■ Data items:
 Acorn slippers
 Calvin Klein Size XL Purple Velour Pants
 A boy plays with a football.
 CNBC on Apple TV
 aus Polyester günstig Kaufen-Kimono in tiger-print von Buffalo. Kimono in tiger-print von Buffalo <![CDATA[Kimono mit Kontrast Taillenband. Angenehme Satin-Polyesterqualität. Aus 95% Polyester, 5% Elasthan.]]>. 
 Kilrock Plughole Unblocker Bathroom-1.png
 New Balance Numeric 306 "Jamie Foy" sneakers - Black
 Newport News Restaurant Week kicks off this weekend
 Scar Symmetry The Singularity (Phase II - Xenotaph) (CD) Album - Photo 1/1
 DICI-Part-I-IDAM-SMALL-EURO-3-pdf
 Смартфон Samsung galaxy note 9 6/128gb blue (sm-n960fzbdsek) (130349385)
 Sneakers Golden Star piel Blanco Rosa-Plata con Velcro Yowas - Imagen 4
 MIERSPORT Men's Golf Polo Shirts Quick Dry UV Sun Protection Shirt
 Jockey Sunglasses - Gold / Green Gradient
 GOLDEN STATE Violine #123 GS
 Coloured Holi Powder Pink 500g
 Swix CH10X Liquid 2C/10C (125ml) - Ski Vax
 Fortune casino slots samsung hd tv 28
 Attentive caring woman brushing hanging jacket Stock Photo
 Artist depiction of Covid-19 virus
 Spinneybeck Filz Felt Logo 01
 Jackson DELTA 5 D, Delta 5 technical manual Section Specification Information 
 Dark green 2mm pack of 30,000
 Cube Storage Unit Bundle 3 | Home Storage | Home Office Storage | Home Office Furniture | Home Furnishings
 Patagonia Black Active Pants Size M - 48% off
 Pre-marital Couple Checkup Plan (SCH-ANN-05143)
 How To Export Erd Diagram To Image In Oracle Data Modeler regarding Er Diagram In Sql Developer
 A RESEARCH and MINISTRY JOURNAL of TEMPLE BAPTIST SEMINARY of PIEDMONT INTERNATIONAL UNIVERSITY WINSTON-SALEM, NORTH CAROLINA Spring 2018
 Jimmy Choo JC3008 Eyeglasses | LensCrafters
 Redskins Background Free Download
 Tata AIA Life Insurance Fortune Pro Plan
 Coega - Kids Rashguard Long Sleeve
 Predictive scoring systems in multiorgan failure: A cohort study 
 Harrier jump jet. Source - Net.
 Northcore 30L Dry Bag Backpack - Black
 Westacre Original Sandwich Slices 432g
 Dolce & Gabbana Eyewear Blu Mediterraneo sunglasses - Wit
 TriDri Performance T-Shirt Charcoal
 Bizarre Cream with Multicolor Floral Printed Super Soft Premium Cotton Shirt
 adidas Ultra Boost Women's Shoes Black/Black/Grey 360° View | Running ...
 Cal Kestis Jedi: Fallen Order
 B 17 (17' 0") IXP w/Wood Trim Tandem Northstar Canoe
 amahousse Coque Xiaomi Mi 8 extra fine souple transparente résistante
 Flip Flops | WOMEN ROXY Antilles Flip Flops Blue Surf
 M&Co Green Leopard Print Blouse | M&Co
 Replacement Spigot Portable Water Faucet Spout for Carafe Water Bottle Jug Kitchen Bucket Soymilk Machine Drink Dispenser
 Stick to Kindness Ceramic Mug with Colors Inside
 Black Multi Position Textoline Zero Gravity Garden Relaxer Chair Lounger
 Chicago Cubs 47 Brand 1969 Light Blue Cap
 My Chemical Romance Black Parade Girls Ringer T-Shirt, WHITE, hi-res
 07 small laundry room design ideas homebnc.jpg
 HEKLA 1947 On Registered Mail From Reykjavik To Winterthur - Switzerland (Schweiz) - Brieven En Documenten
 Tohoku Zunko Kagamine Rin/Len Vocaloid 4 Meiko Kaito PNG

■ Your task: Your reply should be nothing but the lines from the one containing "Pre-marital Couple Checkup" through the last line above, copied exactly; please include both ends.

■ Finished task:
 Pre-marital Couple Checkup Plan (SCH-ANN-05143)
 How To Export Erd Diagram To Image In Oracle Data Modeler regarding Er Diagram In Sql Developer
 A RESEARCH and MINISTRY JOURNAL of TEMPLE BAPTIST SEMINARY of PIEDMONT INTERNATIONAL UNIVERSITY WINSTON-SALEM, NORTH CAROLINA Spring 2018
 Jimmy Choo JC3008 Eyeglasses | LensCrafters
 Redskins Background Free Download
 Tata AIA Life Insurance Fortune Pro Plan
 Coega - Kids Rashguard Long Sleeve
 Predictive scoring systems in multiorgan failure: A cohort study 
 Harrier jump jet. Source - Net.
 Northcore 30L Dry Bag Backpack - Black
 Westacre Original Sandwich Slices 432g
 Dolce & Gabbana Eyewear Blu Mediterraneo sunglasses - Wit
 TriDri Performance T-Shirt Charcoal
 Bizarre Cream with Multicolor Floral Printed Super Soft Premium Cotton Shirt
 adidas Ultra Boost Women's Shoes Black/Black/Grey 360° View | Running ...
 Cal Kestis Jedi: Fallen Order
 B 17 (17' 0") IXP w/Wood Trim Tandem Northstar Canoe
 amahousse Coque Xiaomi Mi 8 extra fine souple transparente résistante
 Flip Flops | WOMEN ROXY Antilles Flip Flops Blue Surf
 M&Co Green Leopard Print Blouse | M&Co
 Replacement Spigot Portable Water Faucet Spout for Carafe Water Bottle Jug Kitchen Bucket Soymilk Machine Drink Dispenser
 Stick to Kindness Ceramic Mug with Colors Inside
 Black Multi Position Textoline Zero Gravity Garden Relaxer Chair Lounger
 Chicago Cubs 47 Brand 1969 Light Blue Cap
 My Chemical Romance Black Parade Girls Ringer T-Shirt, WHITE, hi-res
 07 small laundry room design ideas homebnc.jpg
 HEKLA 1947 On Registered Mail From Reykjavik To Winterthur - Switzerland (Schweiz) - Brieven En Documenten
 Tohoku Zunko Kagamine Rin/Len Vocaloid 4 Meiko Kaito PNG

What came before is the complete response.